Now, after you’ve read the accounts of the English and Dutch decoy dogs from yesterday, I’m sure you want to know where Nova Scotia fits in all of this. Is there a connection between the Nova Scotia duck tolling retriever of today and the decoy dogs of England?
Well, it is difficult to make a direct connection, for the earliest confirmed attempt of a Nova Scotian breeding a dog for this purpose was by man named James Allen. The story goes that in 1860, James Allen of Yarmouth County, Nova Scotia, bred an English wavy-coated or flat-coated retriever bitch to a “Labrador-type dog .” Now, we know pretty clearly what a Labrador-type dog in that part of the world was– a St. John’s water dog. However, I don’t think the female wavy-coated retriever was exactly what everyone think she was.

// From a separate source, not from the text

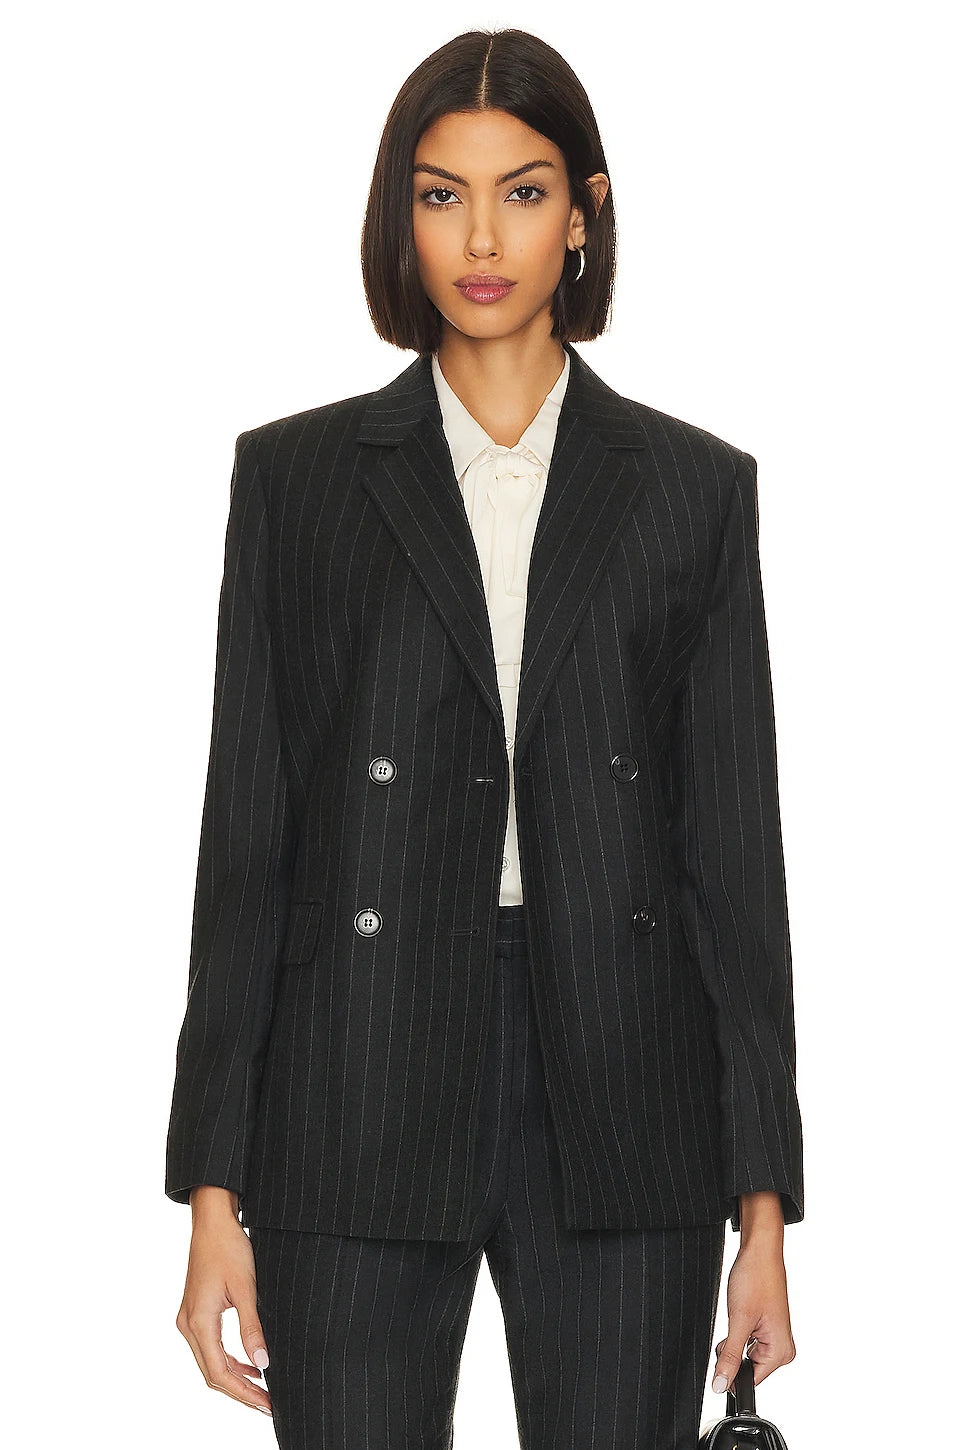 Step up your professional style with the Ensemble Mathilda—a business suit jacket and pants combo designed to take on the commute with style and attitude. Feel confident, empowered, and ready to tackle the day with this bold two-piece made to inspire.

She was said to have been purchased from an English schooner, which seems to be a weird place for a retriever to be. In those days, retrievers were owned almost exclusively by the gentry, and when a dog of the same genetic make-up and origin as a retriever was owned by a commoner, it was normally called a Newfoundland or Labrador. Further, if we are thinking that this dog was a member of the wavy and flat-coated type that Dr. Bond Moore and Sewallis Shirley were “improving” into a standardized breed, we might want to reconsider, for in the 1860′s through the 1890′s, the vast majority of wavy/flat-coated retrievers were large, heavily-boned creatures, like Zelstone or Paris. If the bitch were of the type the Paris or Zelstone represented, breeding her to a St. John’s water dog would produce puppies that looked a lot like St. John’s water dogs. Paris was said to have been entirely of St. John’s water dog ancestry, and it is well-known that Zelstone was primarily of that extraction. It wouldn’t have been an outcross at all, and it wouldn’t have produced smaller dogs.
This bitch was said to have been liver or red in color, depending upon your source. There were red and yellow wavy-coats at the time, but these were far from common.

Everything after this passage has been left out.